>>

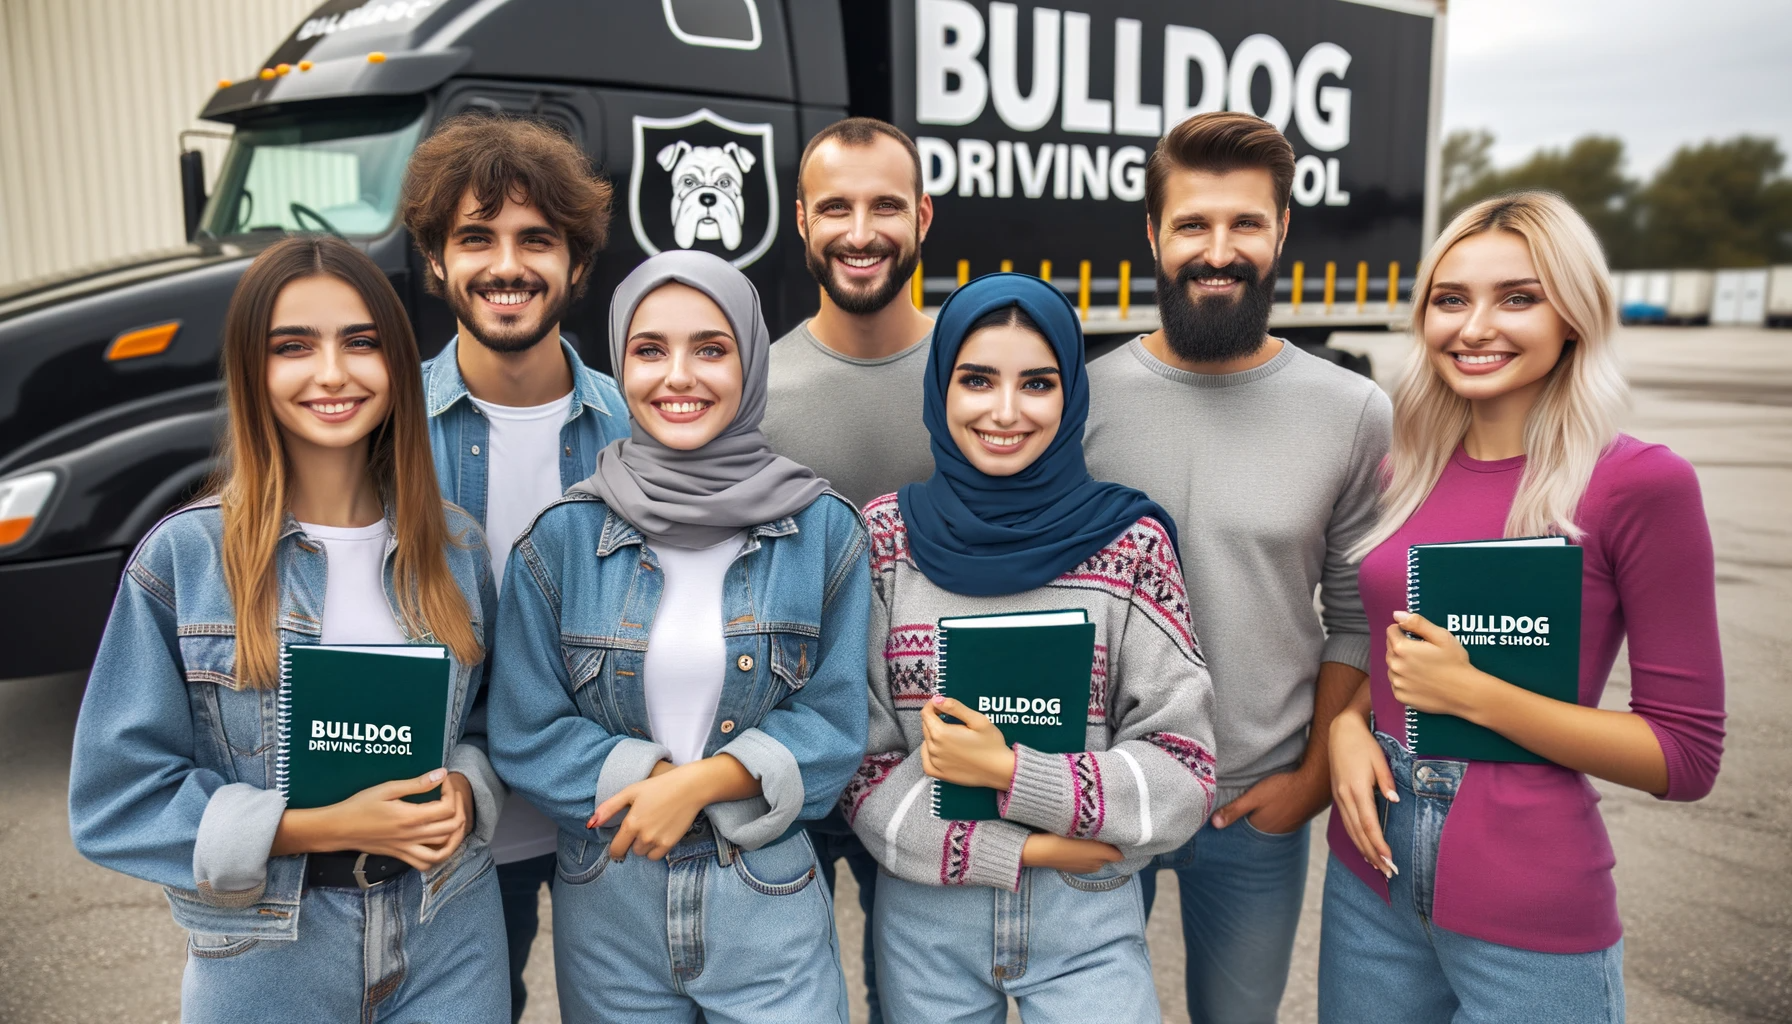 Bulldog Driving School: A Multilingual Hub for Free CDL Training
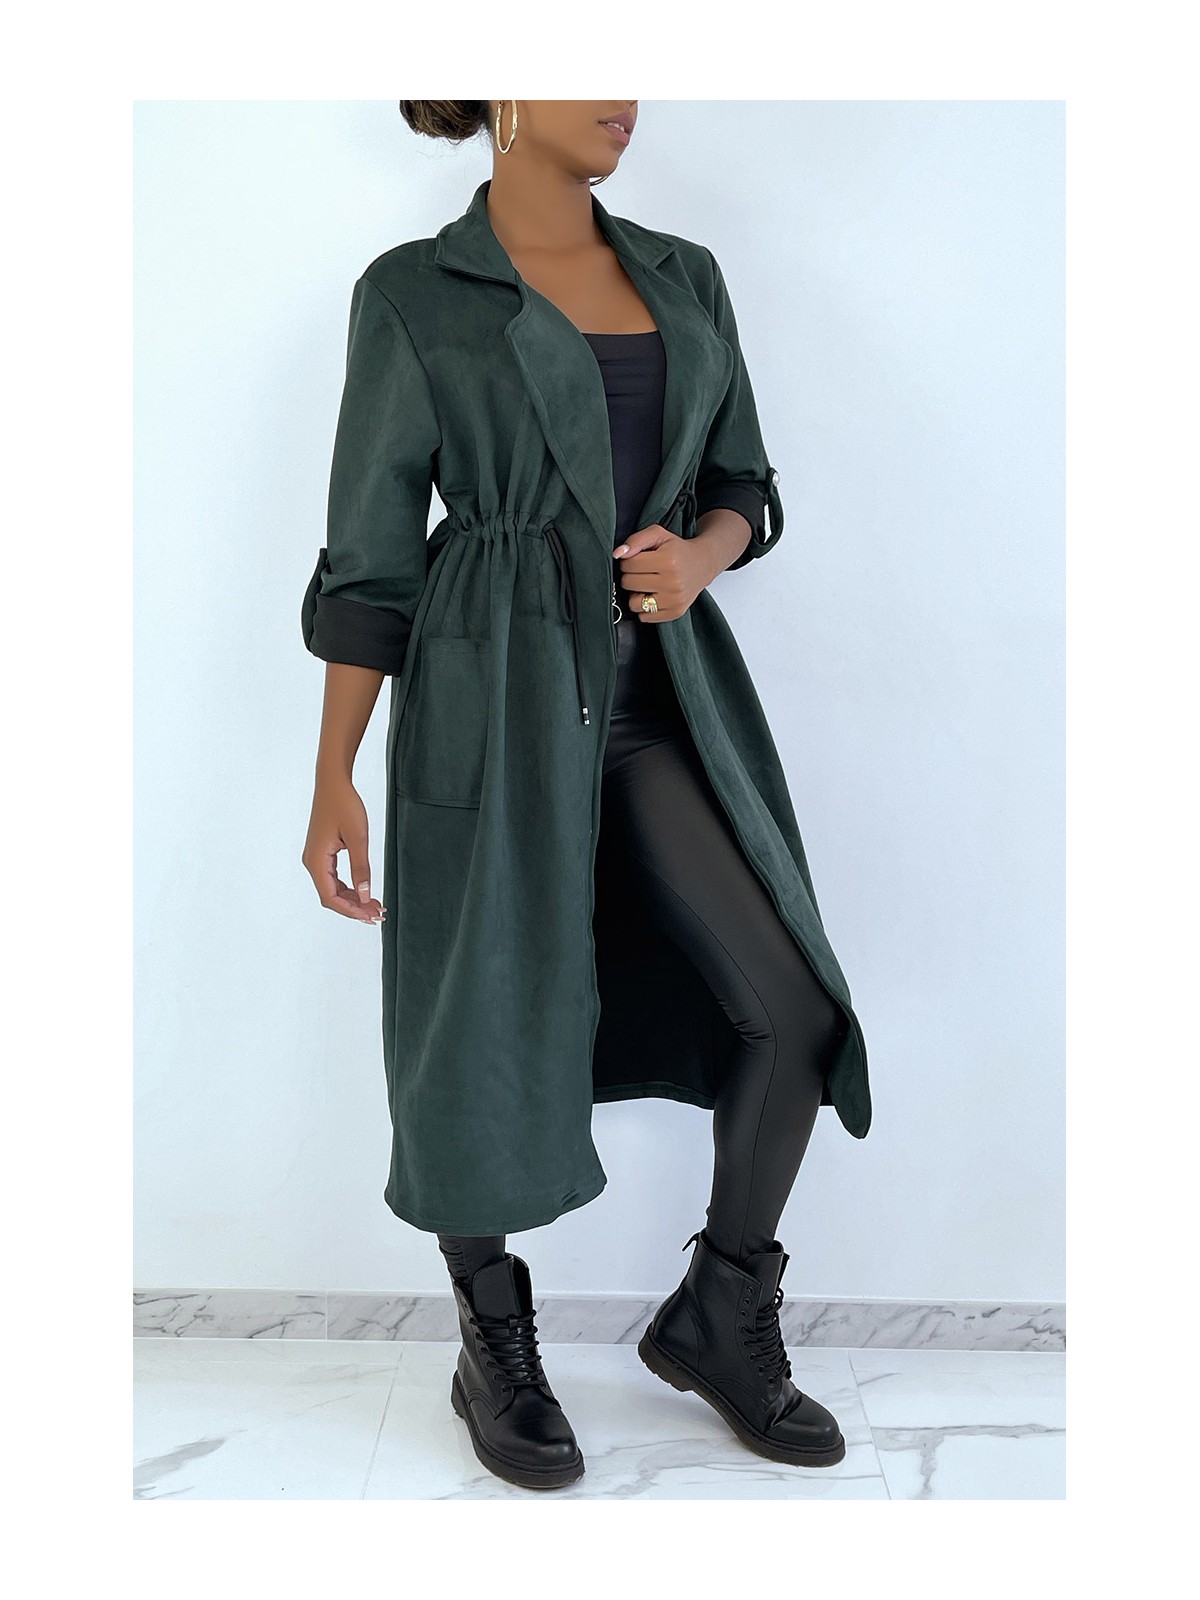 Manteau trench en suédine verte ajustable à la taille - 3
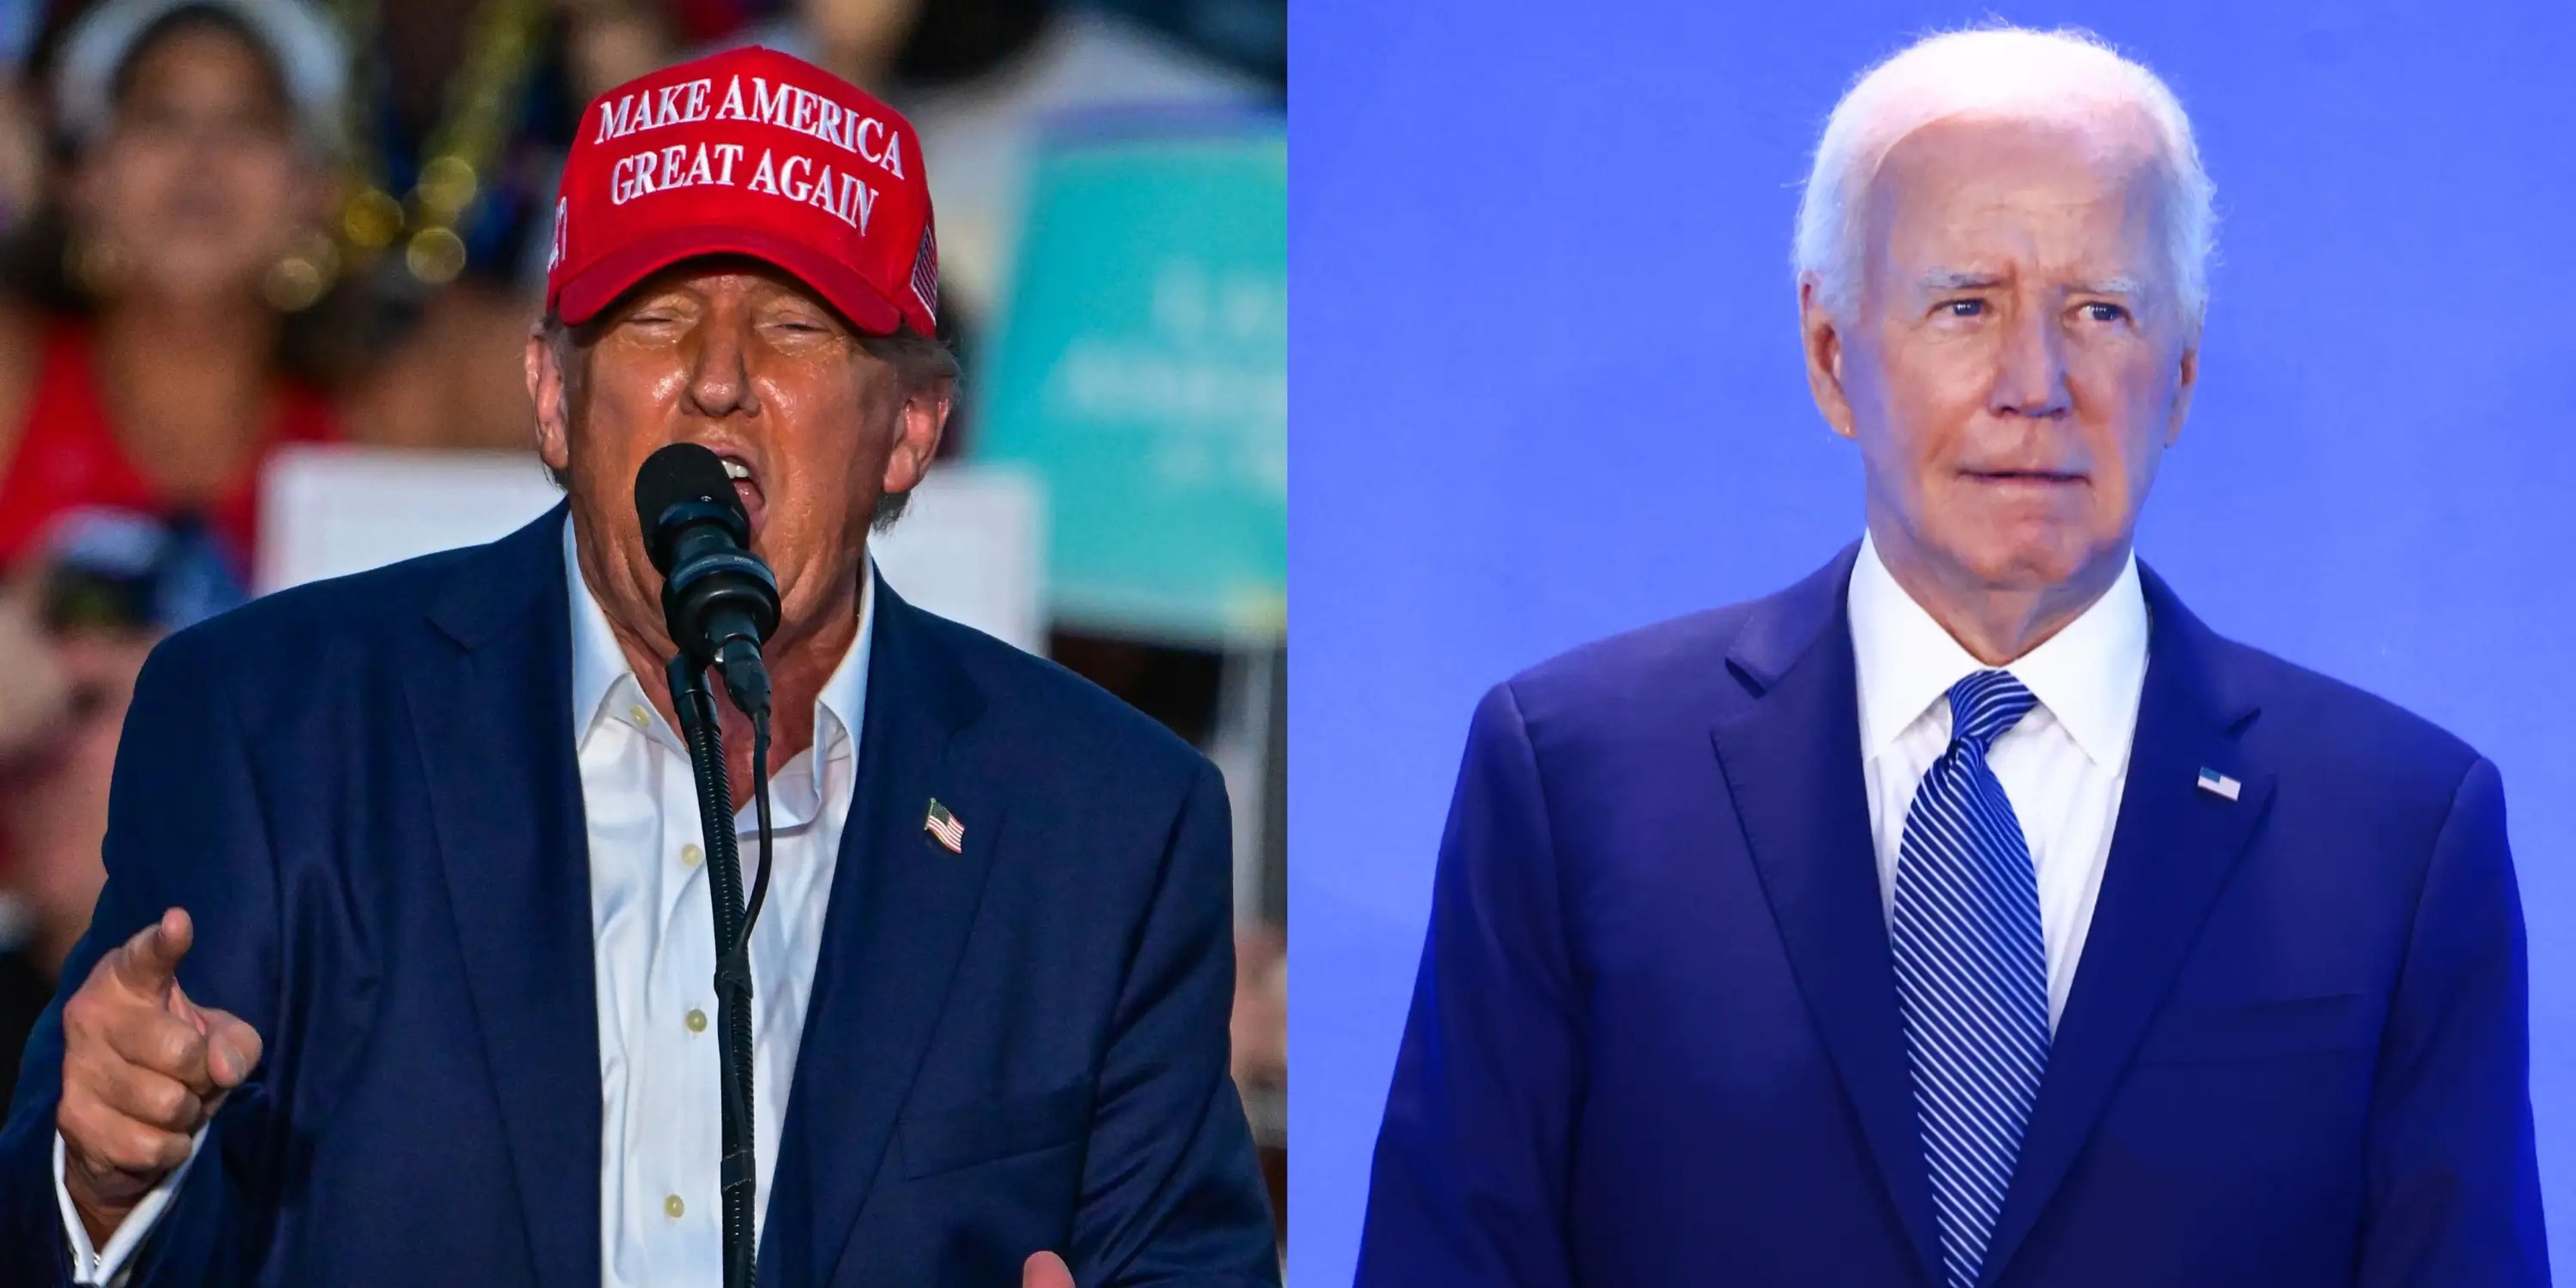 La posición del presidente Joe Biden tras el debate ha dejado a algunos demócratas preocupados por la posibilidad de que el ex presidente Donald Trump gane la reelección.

<<

Instructions for the task
Make an exact copy of the listing above. Do not include the pictures.

Written answer
 Bulldog Driving School: A Multilingual Hub for Free CDL Training
 Manteau trench en suédine verte ajustable à la taille - 3
 La posición del presidente Joe Biden tras el debate ha dejado a algunos demócratas preocupados por la posibilidad de que el ex presidente Donald Trump gane la reelección.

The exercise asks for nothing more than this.